Integrated solar pump design incorporating a brushless DC motor for use in a solar heating system

Abstract

Most solar thermal hot water heating systems utilize a pump for circulation of the working fluid. An elegant approach to powering the pump is via solar energy. A “solar pump” employs a photovoltaic module, electric motor, and pump to collect and convert solar energy to circulate the working fluid. This article presents an experimental investigation of a new integrated solar pump design that employs the stator of a brushless DC motor and a magnetically coupled pump that has no dynamic seal. This design significantly reduces total volume and mass, and eliminates redundant components. The integrated design meets a hydraulic load of 1.7 bar and 1.4 litres per minute, equal to 4.0 watts, at a rotational speed of 500 revolutions per minute.

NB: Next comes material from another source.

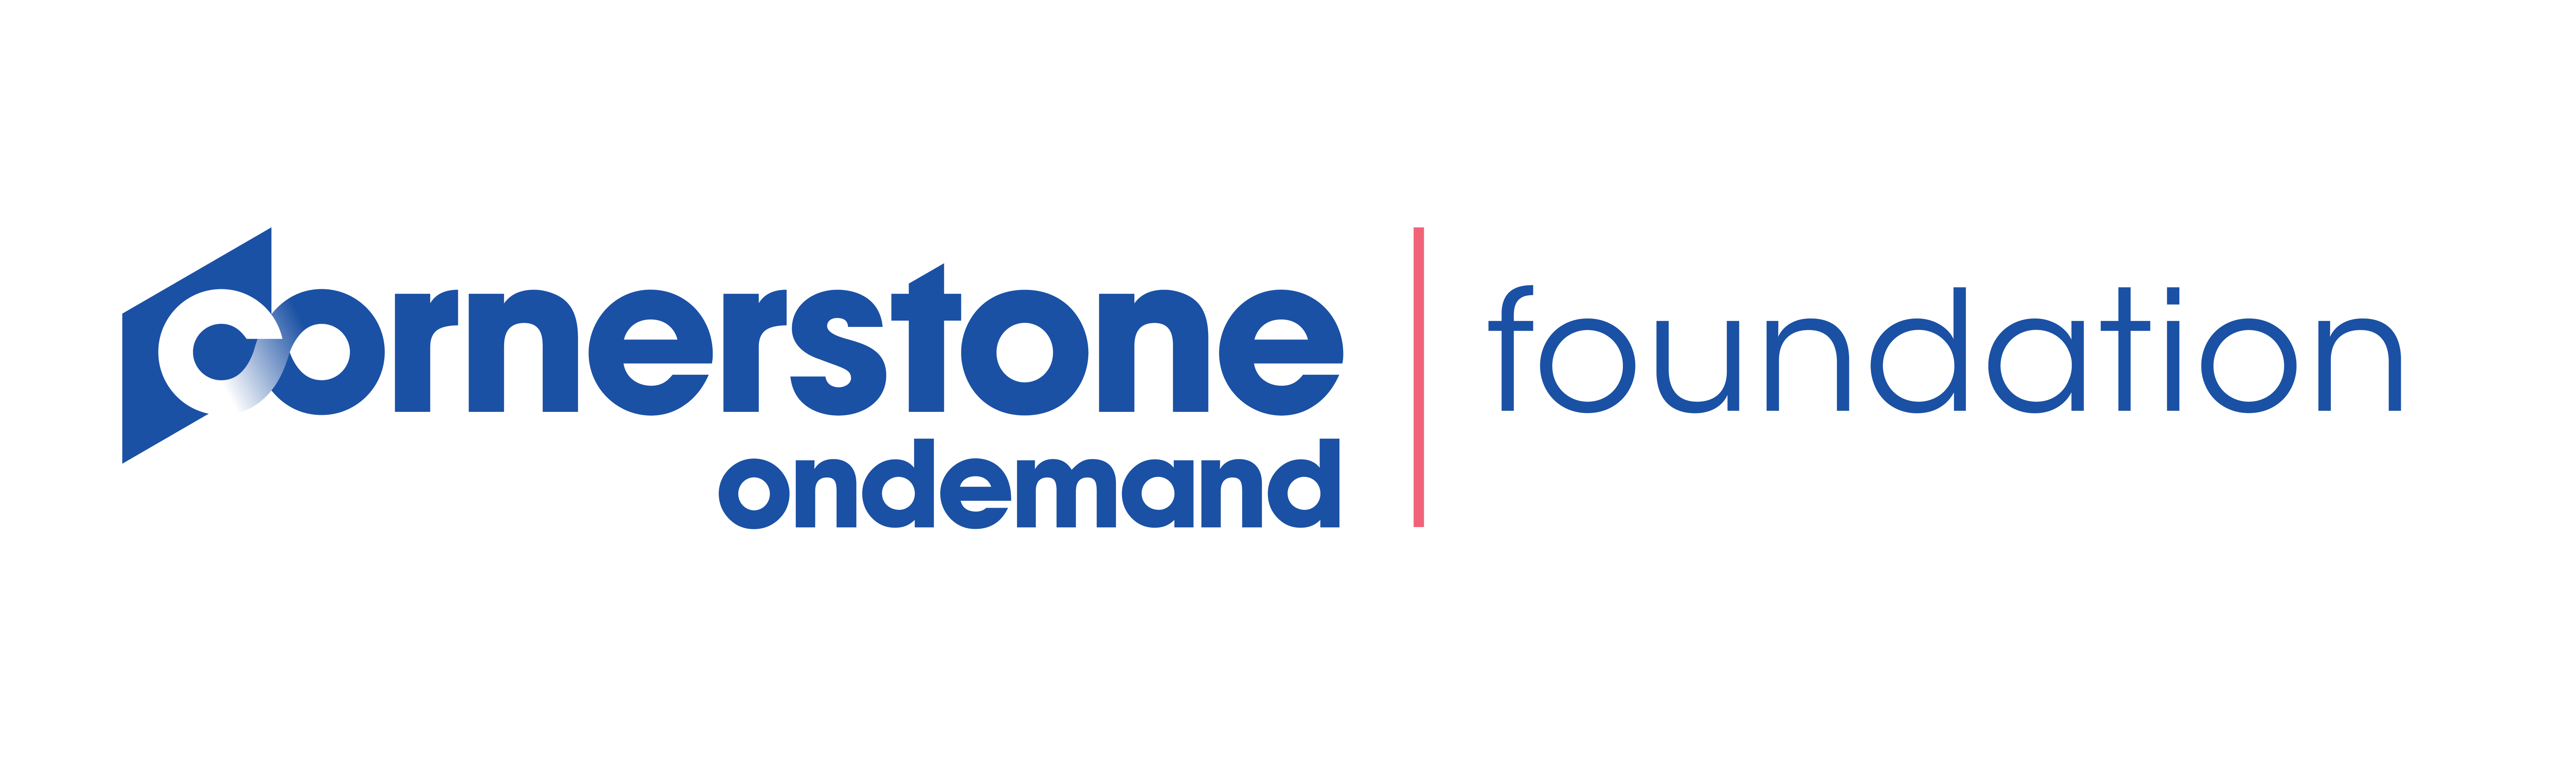 Cornerstone OnDemand Foundation logo

The brushless DC motor and positive displacement pump achieve efficiencies of 62% and 52%, respectively, resulting in an electric to hydraulic efficiency of 32%. Thus, a readily available photovoltaic module rated 15 watts output is suitable to power the system. A variety of design variations were tested to determine the impact of the armature winding, pump size, pulse width modulation frequency, seal can material, etcetera. The physical and magnetic design was found to dominate efficiency. The efficiency characteristics of a photovoltaic module are such that over-sizing is wasteful. The integrated design presents a robust, efficient package for use as a solar pump. Although focus has been placed on application to a solar thermal collector system, variations of the design are suitable for a wide variety of applications such as remote location water pumping.